**What needs to be done**
In the records below, find the line containing "Extra Large TV" and the line containing "leather cap toe oxford dress shoe". Give again exactly those lines and every line between them, omitting the pictures.

**Recorded data**
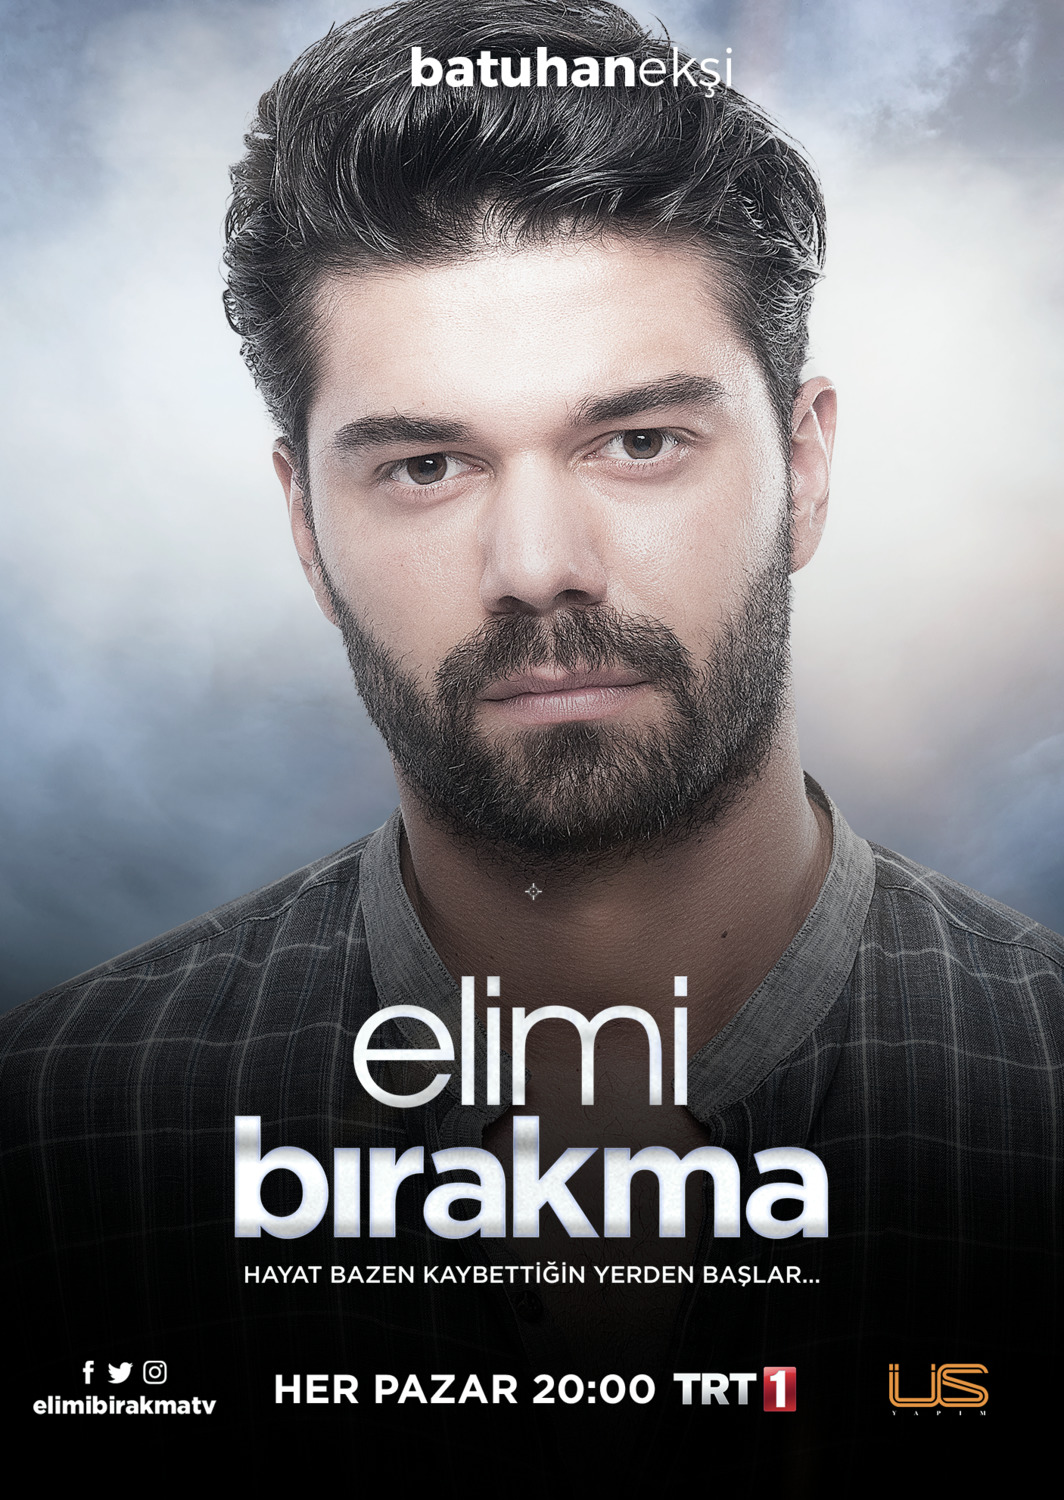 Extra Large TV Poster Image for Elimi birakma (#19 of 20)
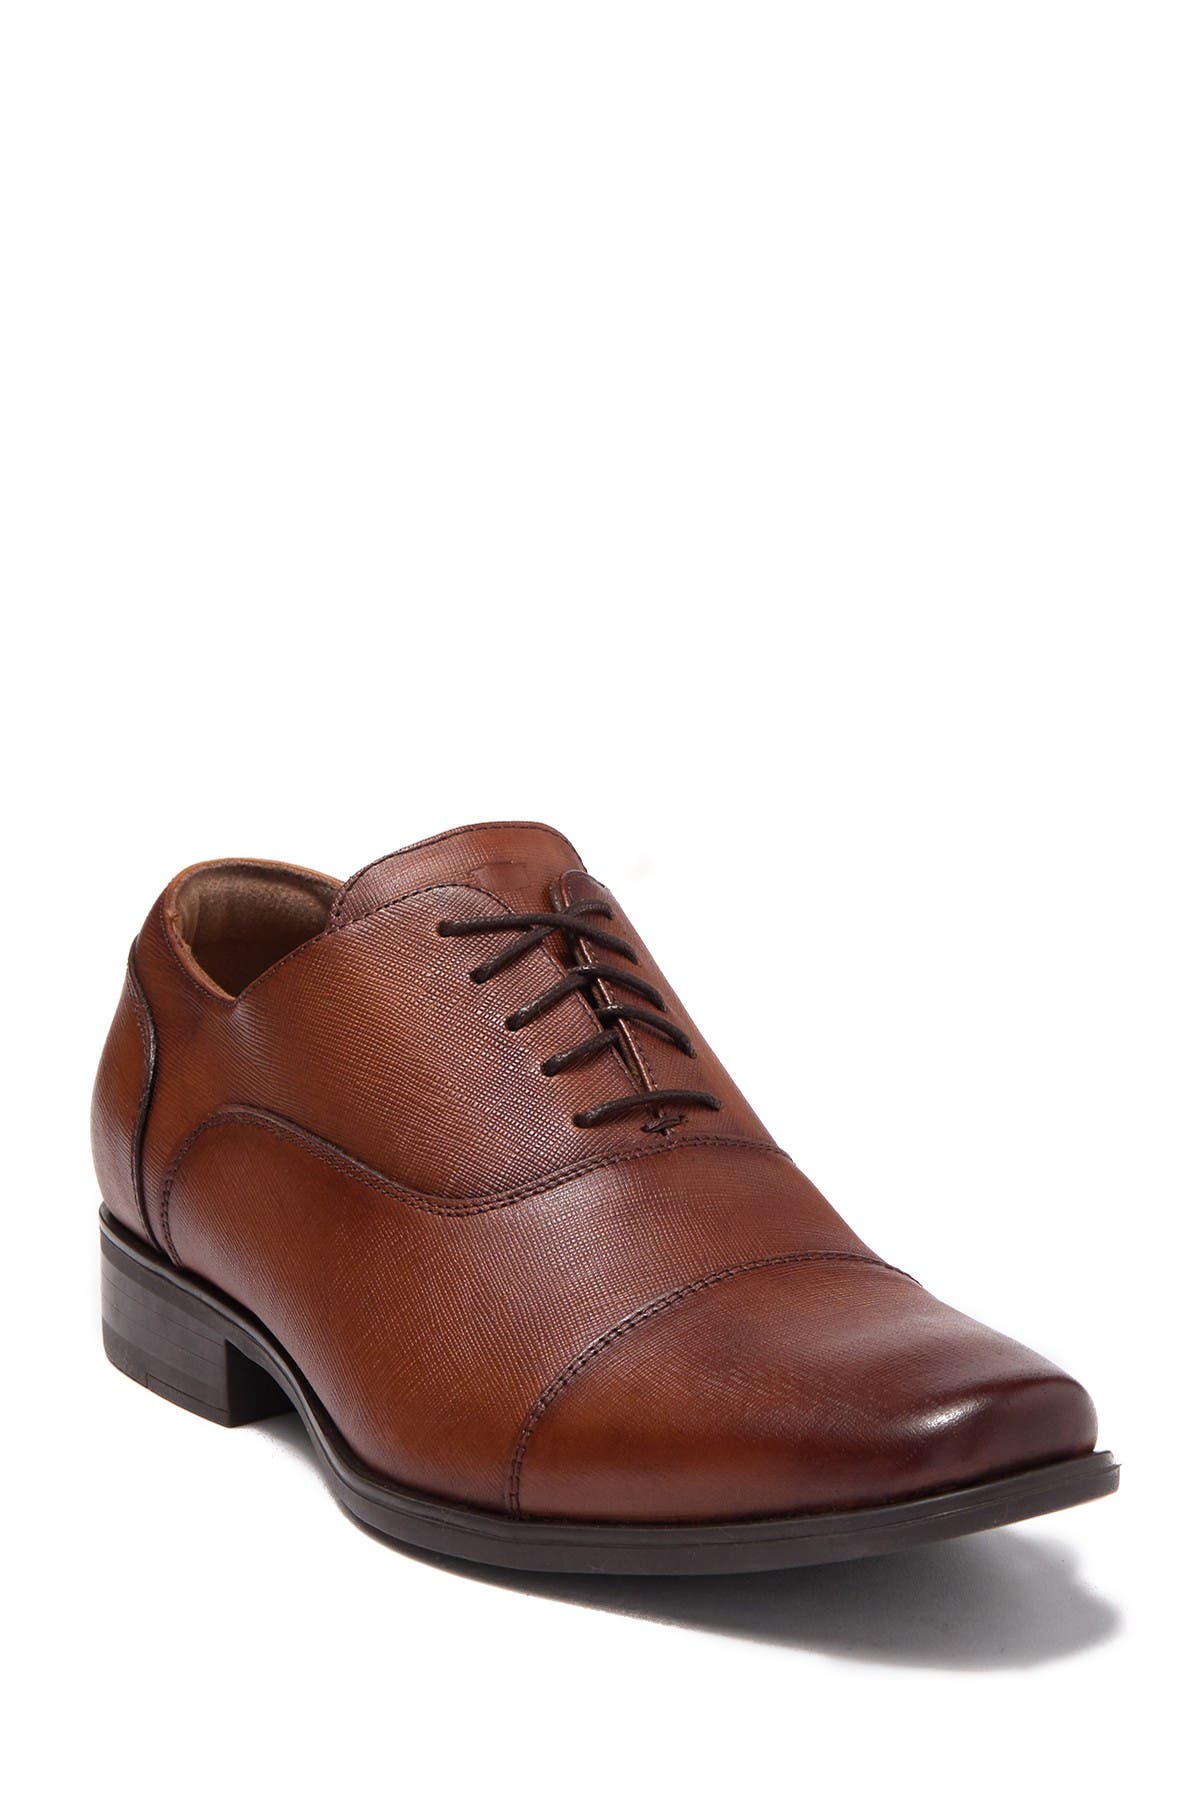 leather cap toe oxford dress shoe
* * *
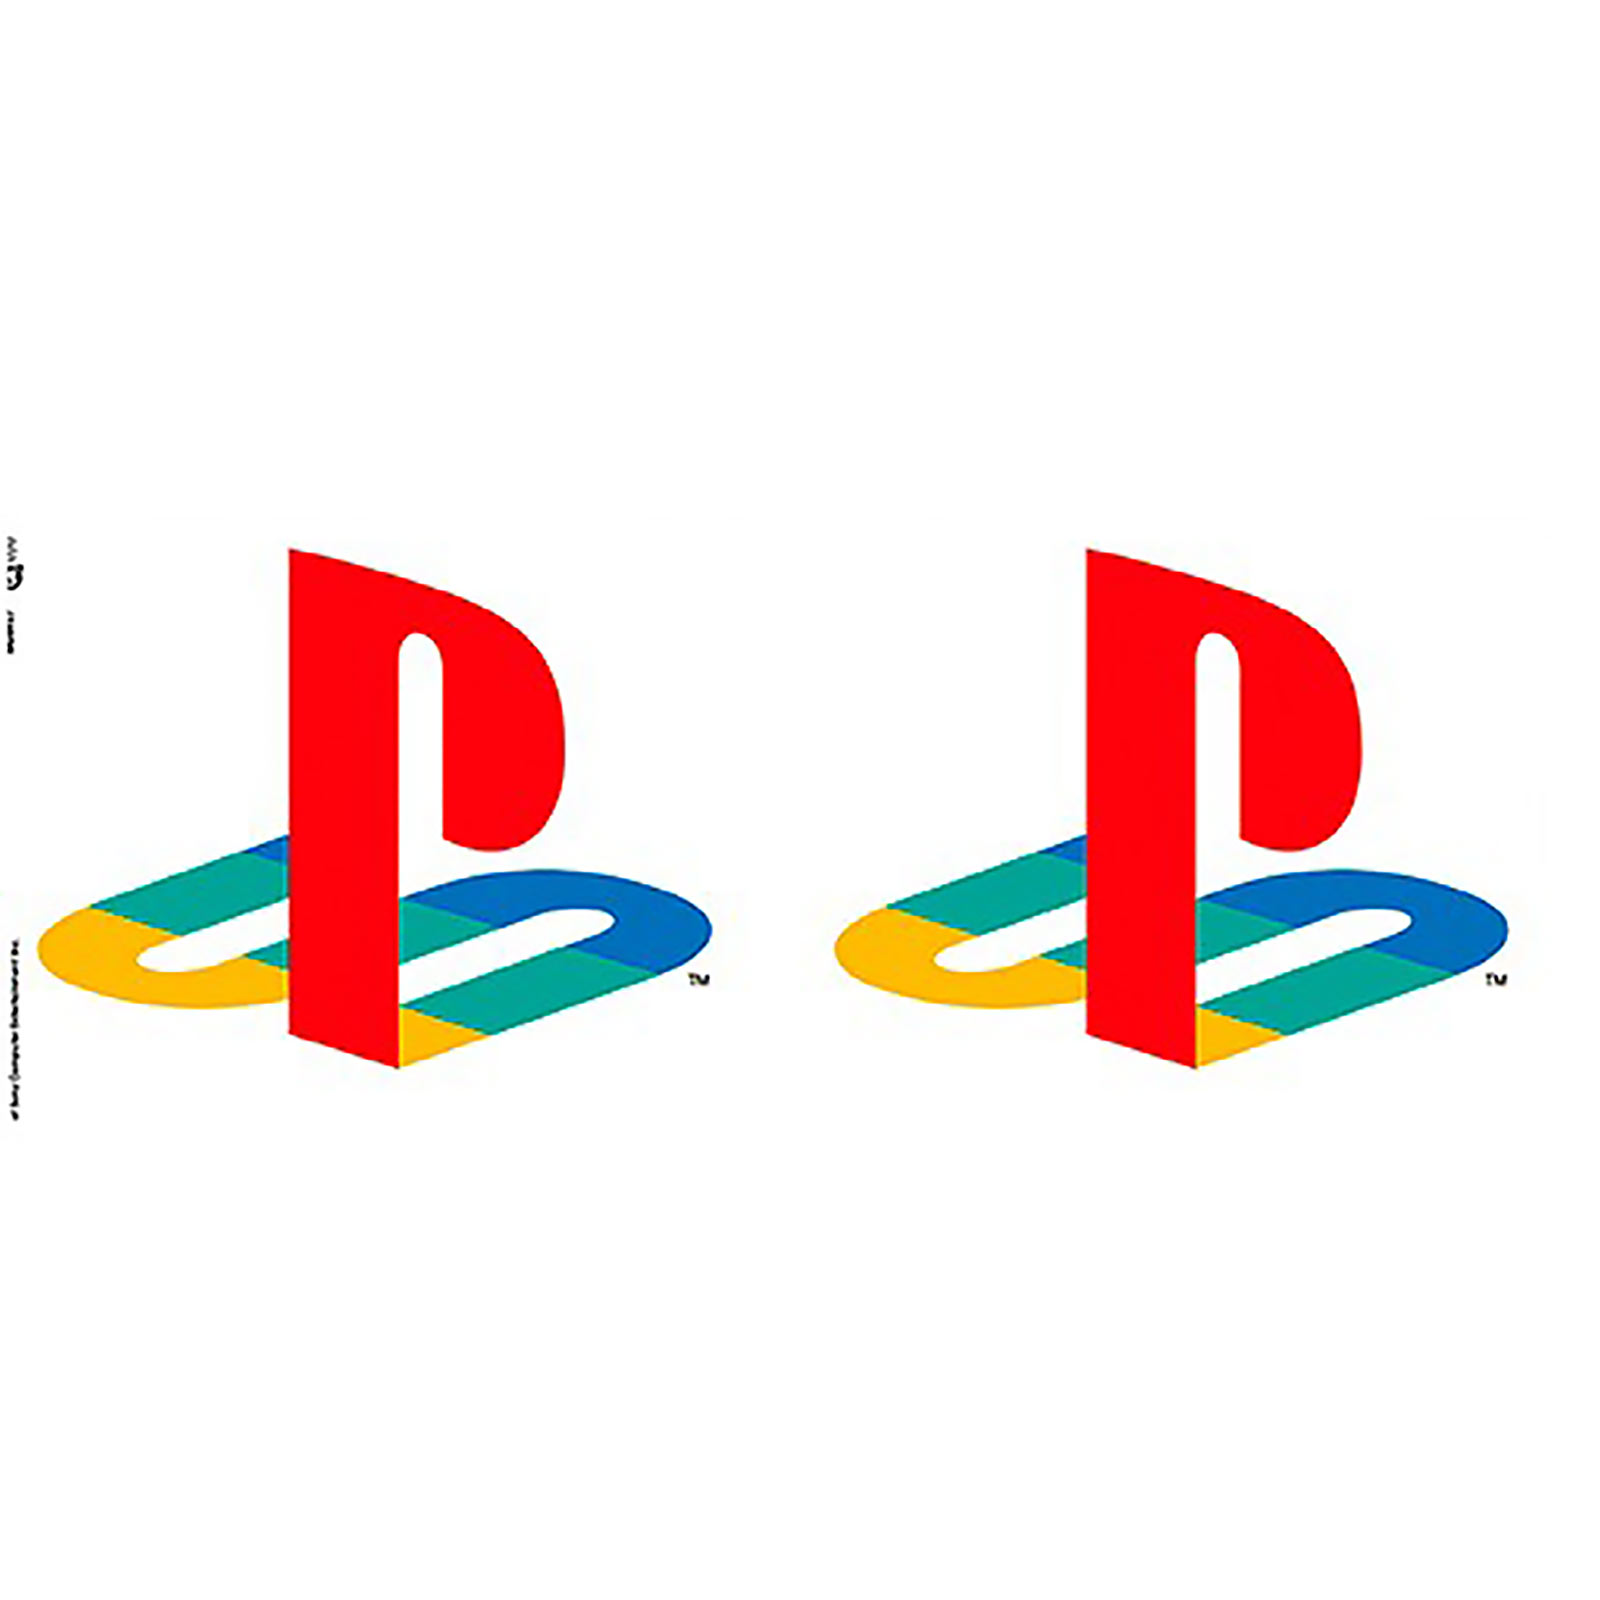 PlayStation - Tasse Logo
==
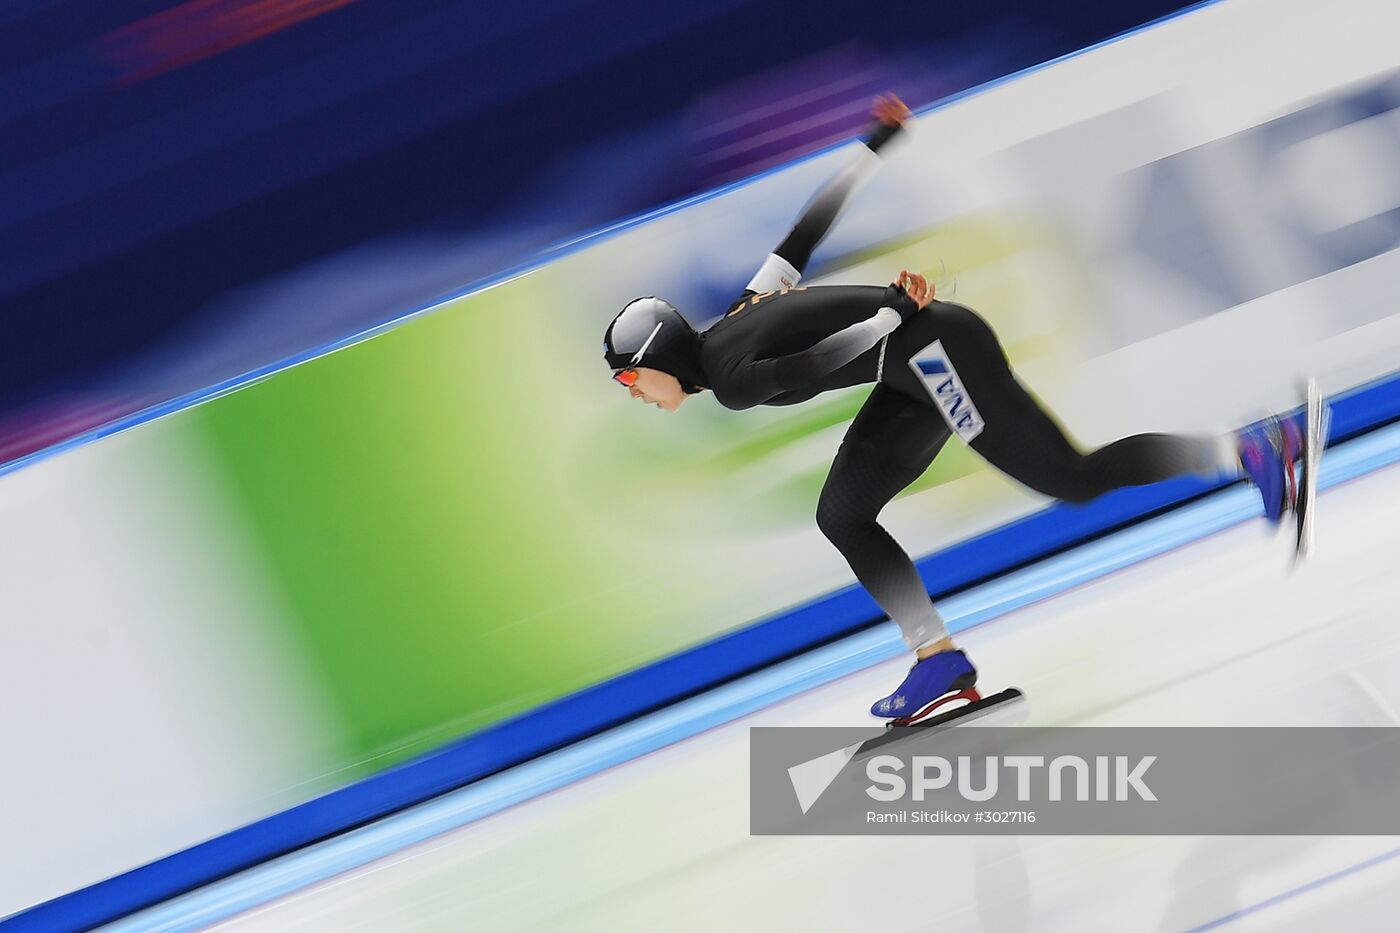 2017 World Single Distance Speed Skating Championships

**Answer section**
 Extra Large TV Poster Image for Elimi birakma (#19 of 20)
 leather cap toe oxford dress shoe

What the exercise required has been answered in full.